Materials Design Using Simulation-Derived Molecular Descriptors
An outstanding challenge – and opportunity – for soft materials design is the large set of parameters that can be manipulated synthetically. For example, peptides can incorporate an enormous number of amino-acid residue combinations, while nanomaterials can be synthesized with different surface compositions, sizes, and shapes. Macroscopic behavior is highly sensitive to these parameters; for example, the cellular uptake of nanoparticles depends strongly on surface charge and size. Developing design rules for these systems is challenging given the difficulty in experimentally screening material compositions or accurately modeling long-timescale biological processes. We instead use simulations to compute molecular descriptors that are incorporated into quantitative structure-property relationship models to predict experimental observables, enabling the high-throughput screening and optimization of materials properties for applications in drug delivery and catalysis.

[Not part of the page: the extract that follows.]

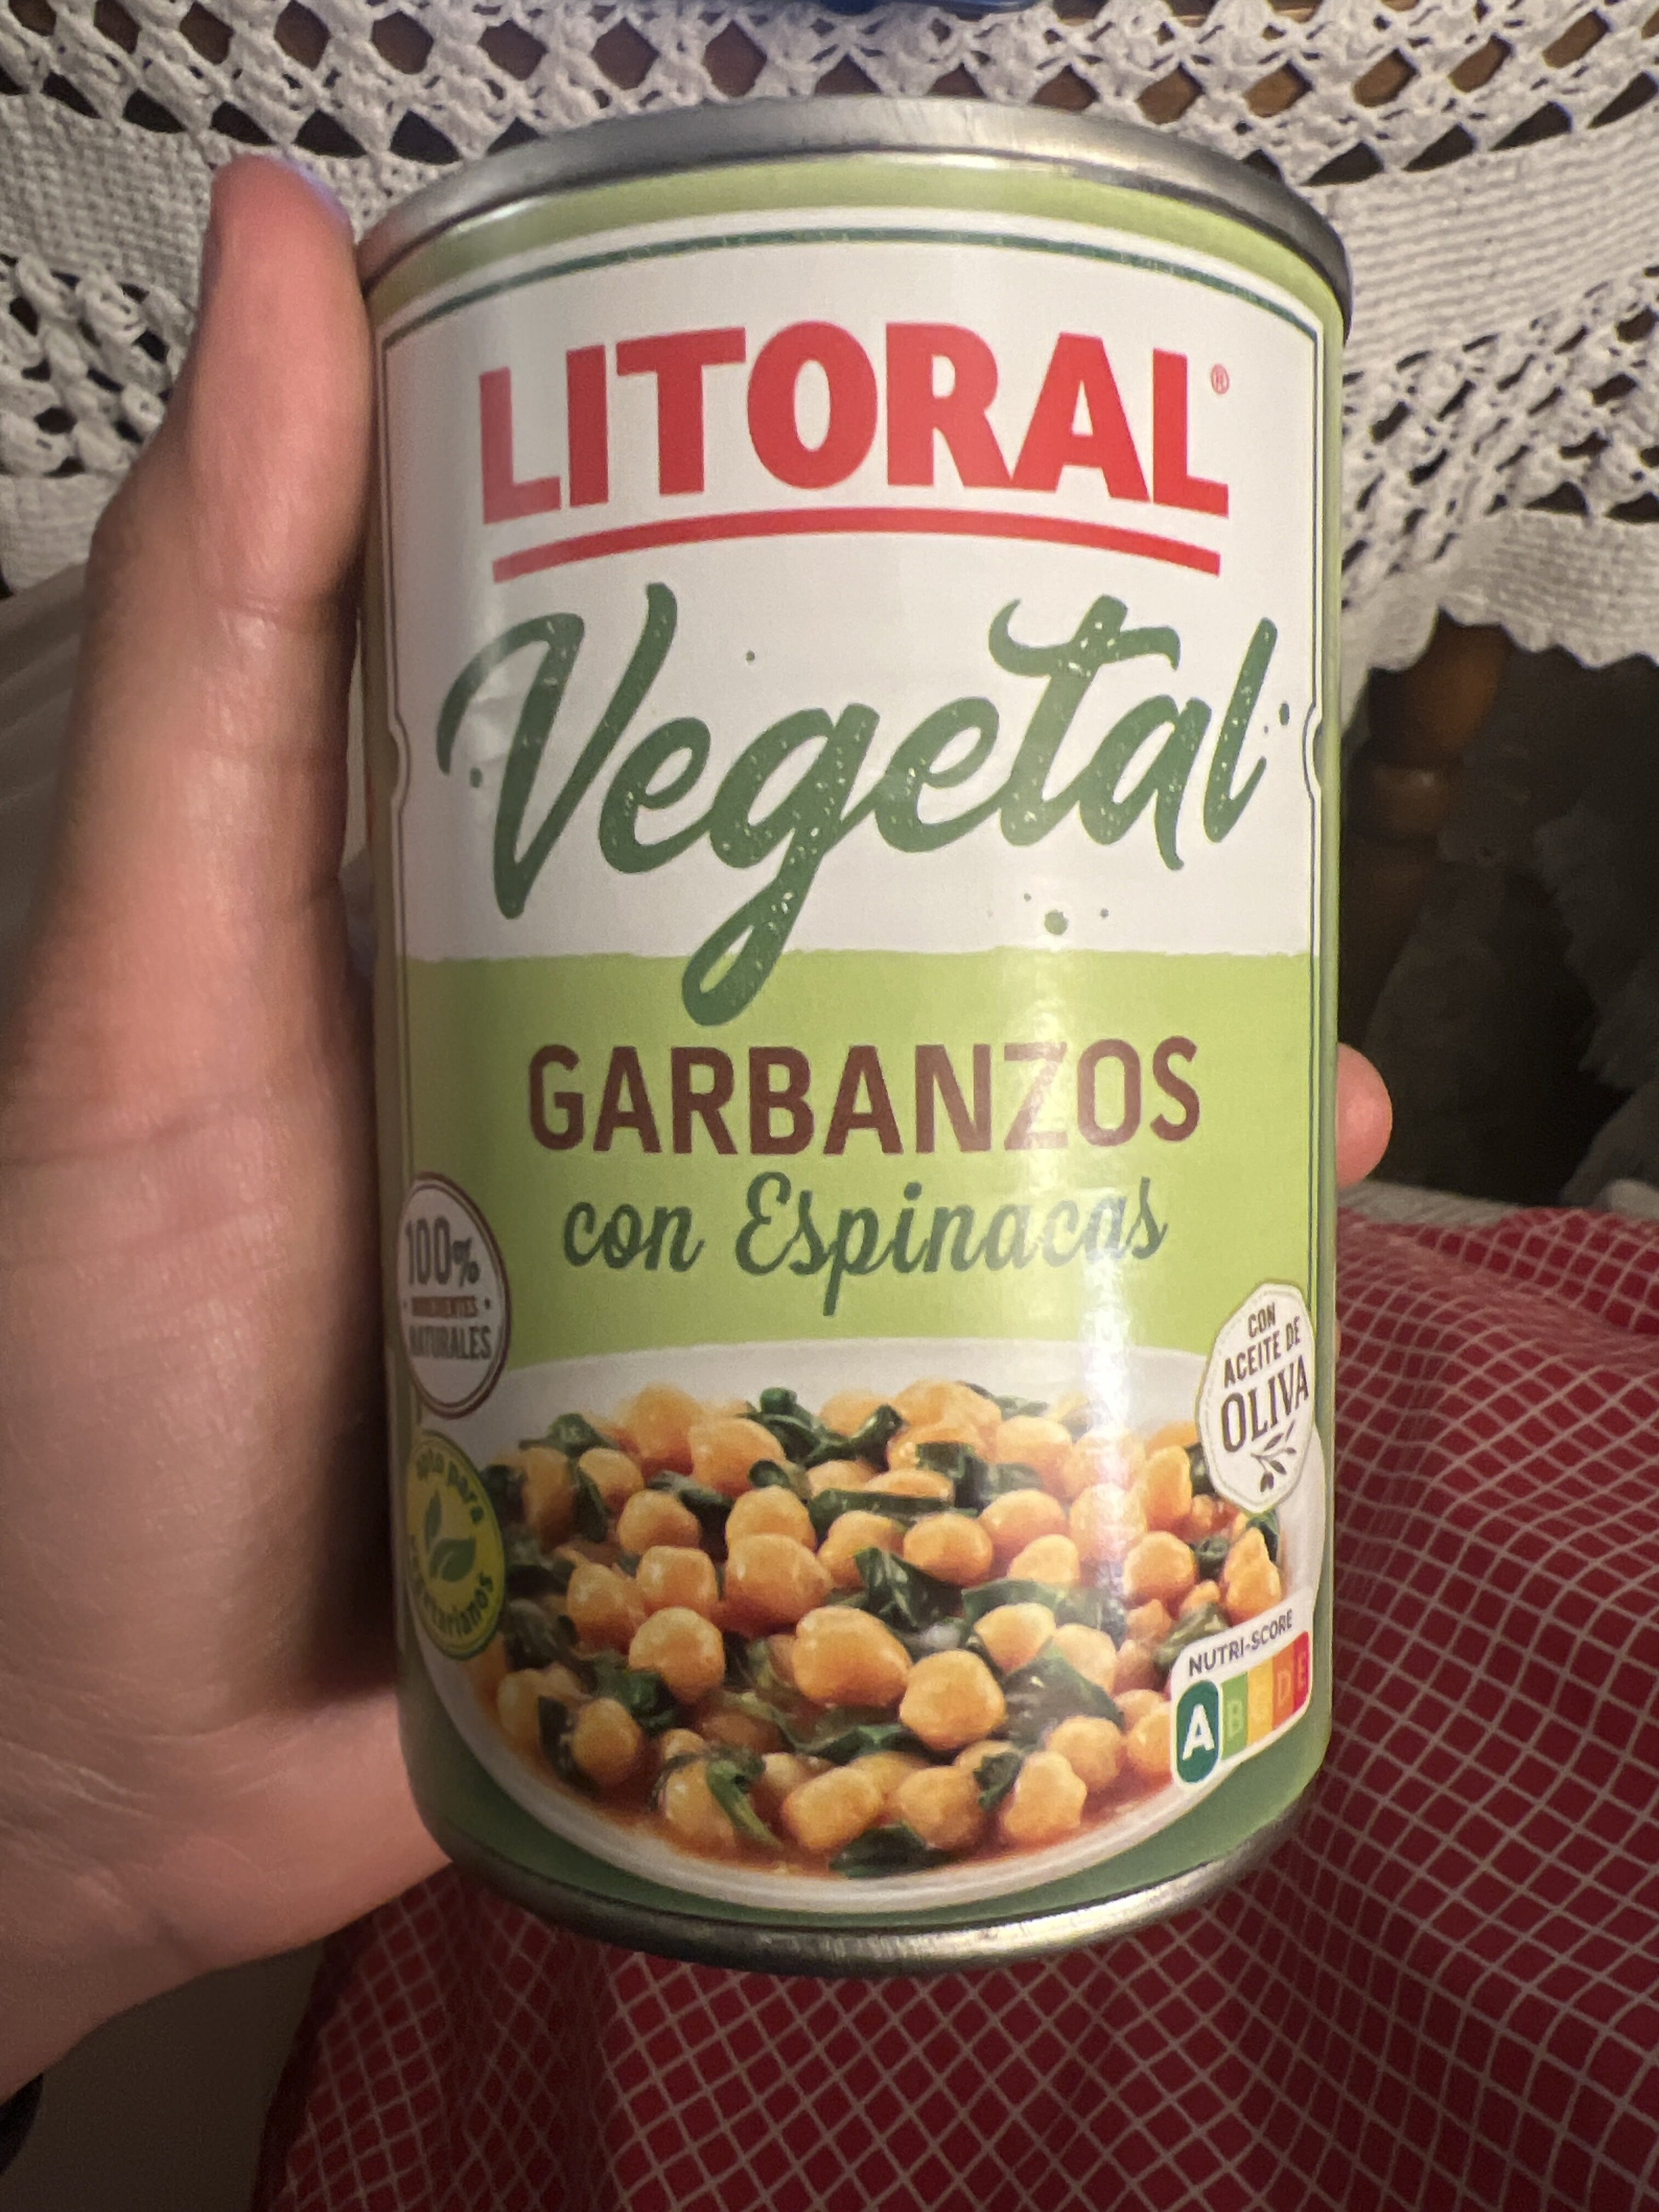 Vegetal garbanzos con espinacas - Produktua - en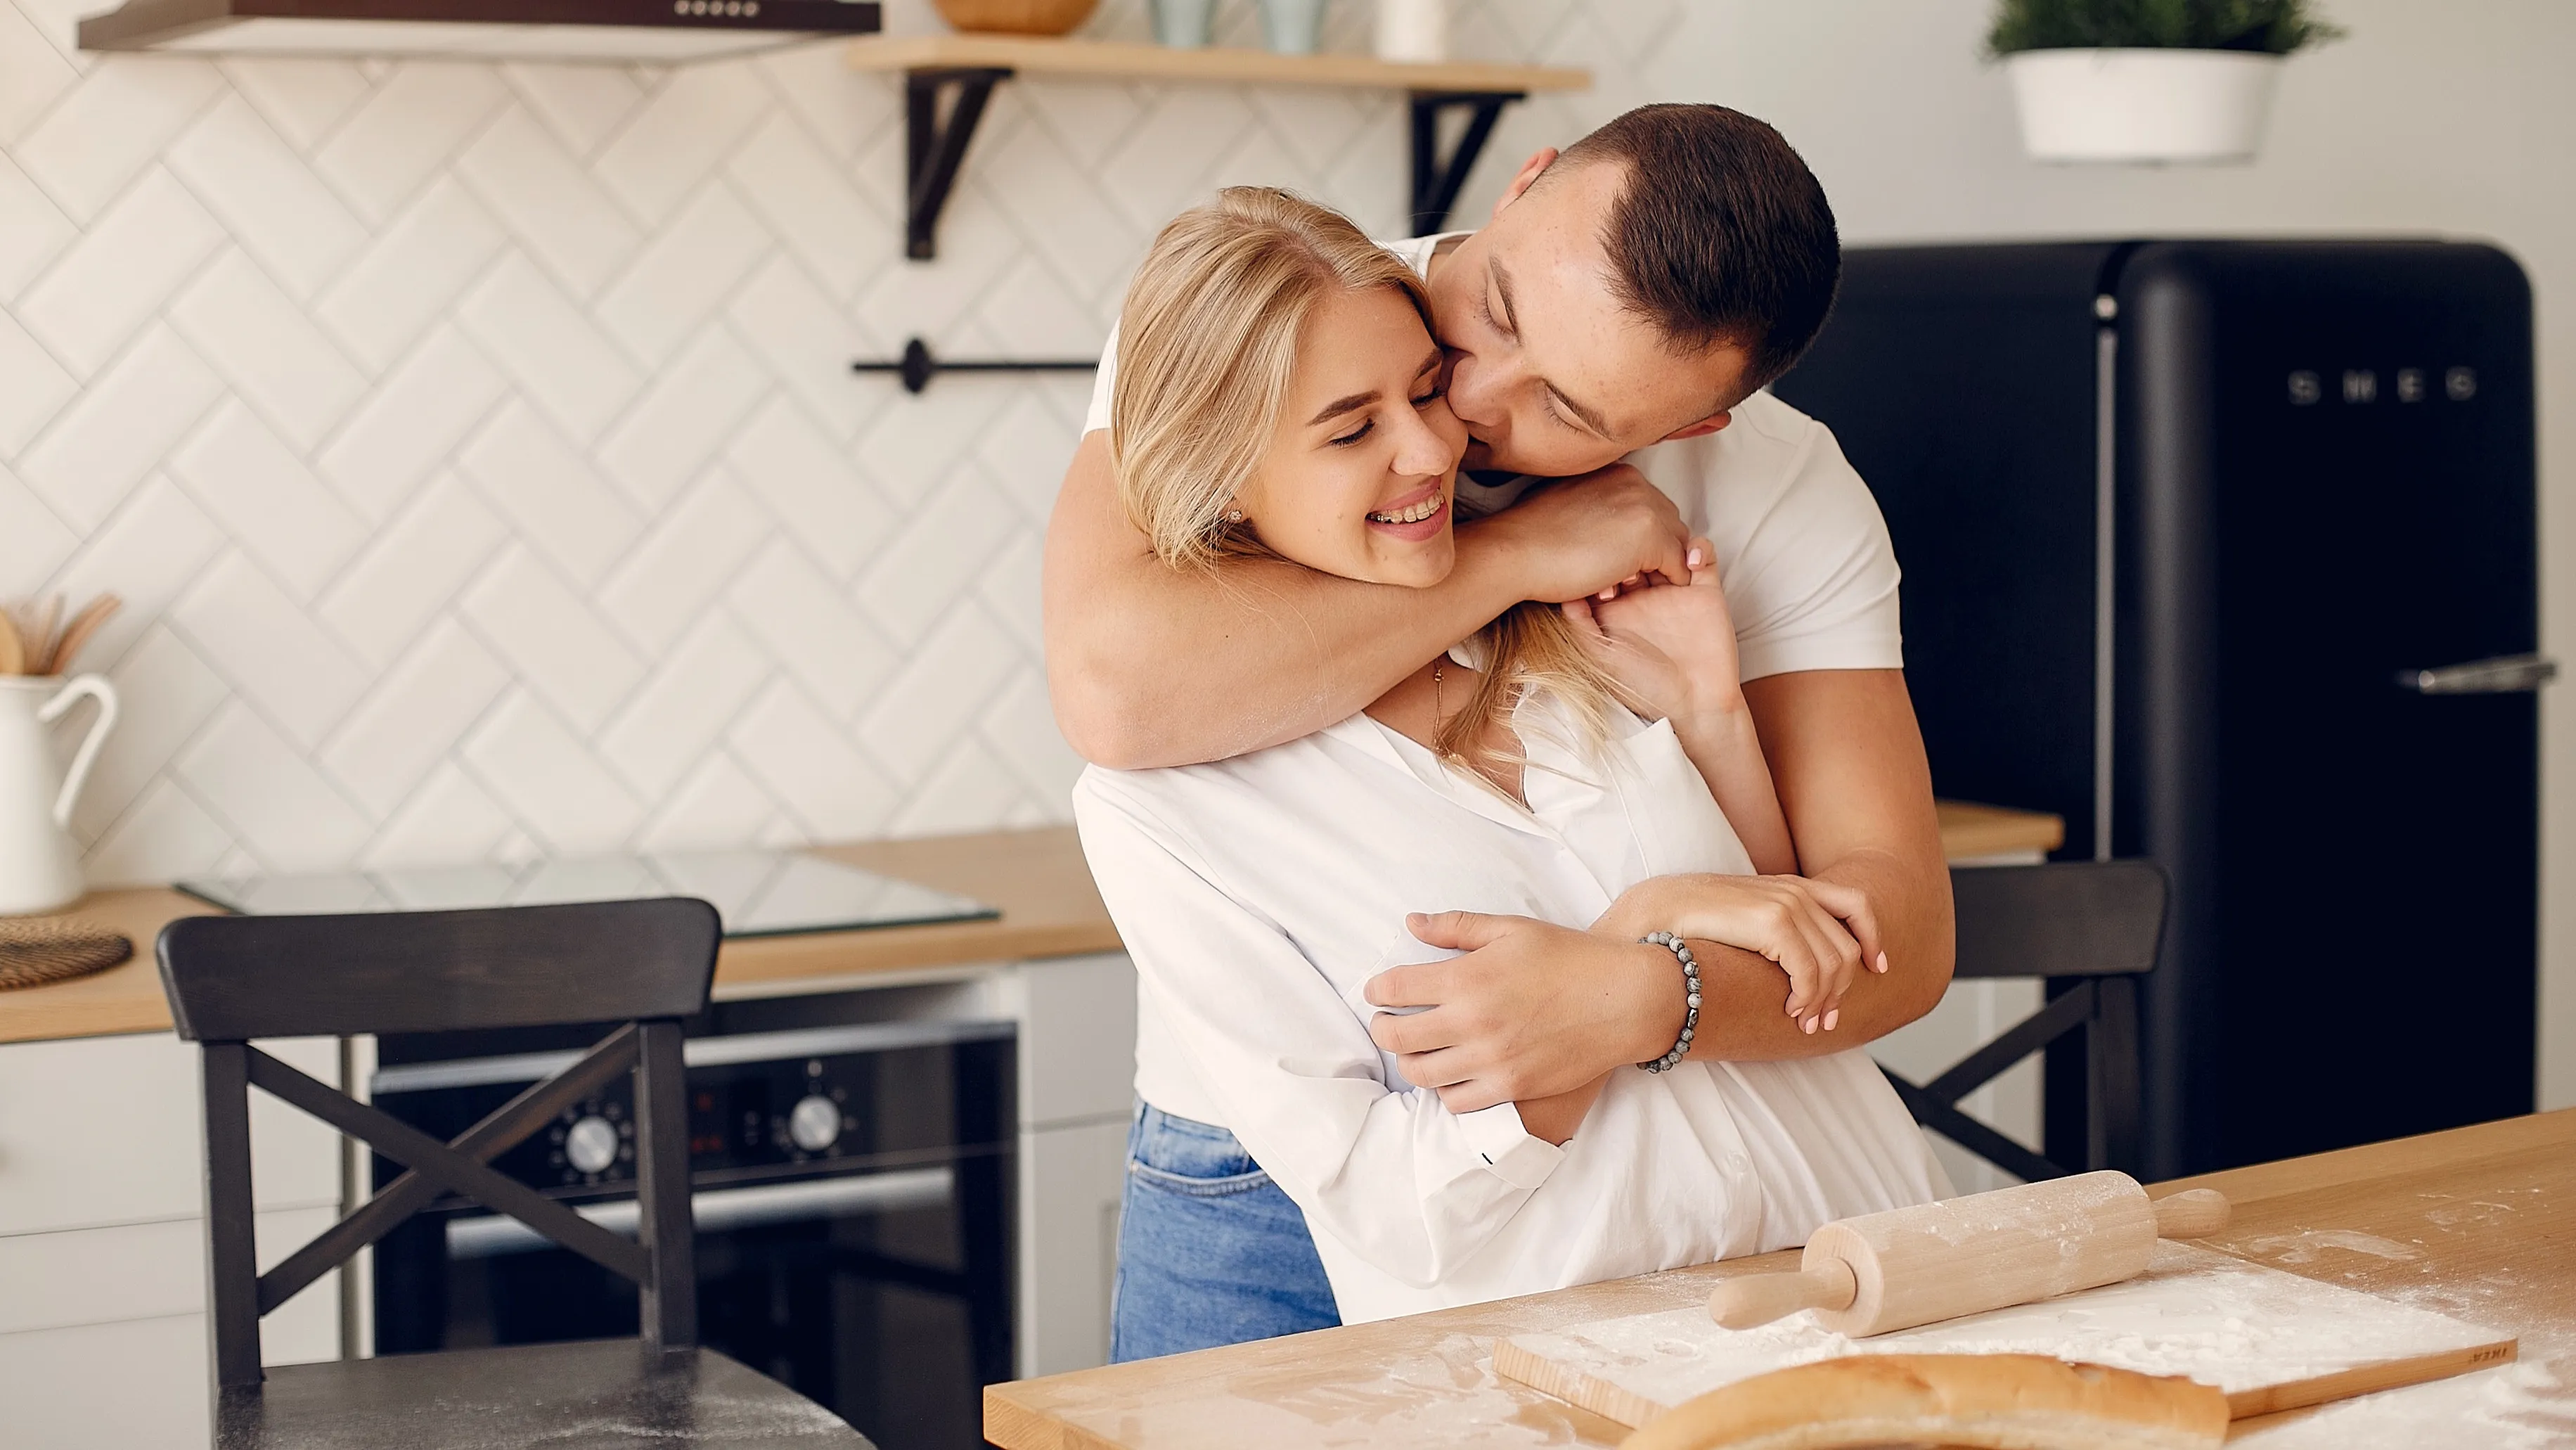 8 секретных правил счастливого брака от пар, знающих, что такое любовь

Interactions at Heterogeneous Interfaces
Many soft materials present surfaces that vary in polarity, charge, and composition over nanometer length scales. These spatial heterogeneities can lead to interfacial properties that differ significantly from the properties of homogeneous materials, and intermolecular interactions with heterogeneous interfaces are often non-additive and poorly understood. We use atomistic simulations, in conjunction with advanced sampling techniques, to study the physicochemical properties of multicomponent, heterogeneous interfaces. We focus on understanding the effect of nanoscale variations in interfacial chemical properties (e.g., due to patterns of polar and nonpolar moieties) and physical properties (e.g., due to differences in curvature or molecular order). The resulting structure-property relationships can inform the creation of materials for sensing and targeting applications, including nanomaterials that bind to specific small molecules and peptides that target components of bacterial membranes.
Multiscale Modeling of Amphiphilic Assemblies
Lipids, surfactants, and other amphiphiles can self-assemble into soft nanostructures, such as the lipid bilayer that represents the primary component of the cell membrane. Both the physical and chemical properties of these assemblies can dictate interfacial processes: for example, the hydrophobic core of the lipid bilayer inhibits the passive diffusion of polar molecules, but mechanical perturbations to its structure can dramatically increase bilayer permeability. We develop and apply multiscale simulations and enhanced sampling techniques to understand how the chemical and physical properties of amphiphiles affect their self-assembly, interactions with synthetic materials, and structural response to external perturbations. The insight obtained from these simulations can guide the design of drug delivery vehicles that efficiently bypass cell membranes, engineered membrane proteins that respond to changes in lipid bilayer composition, and materials that co-assemble with natural amphiphiles.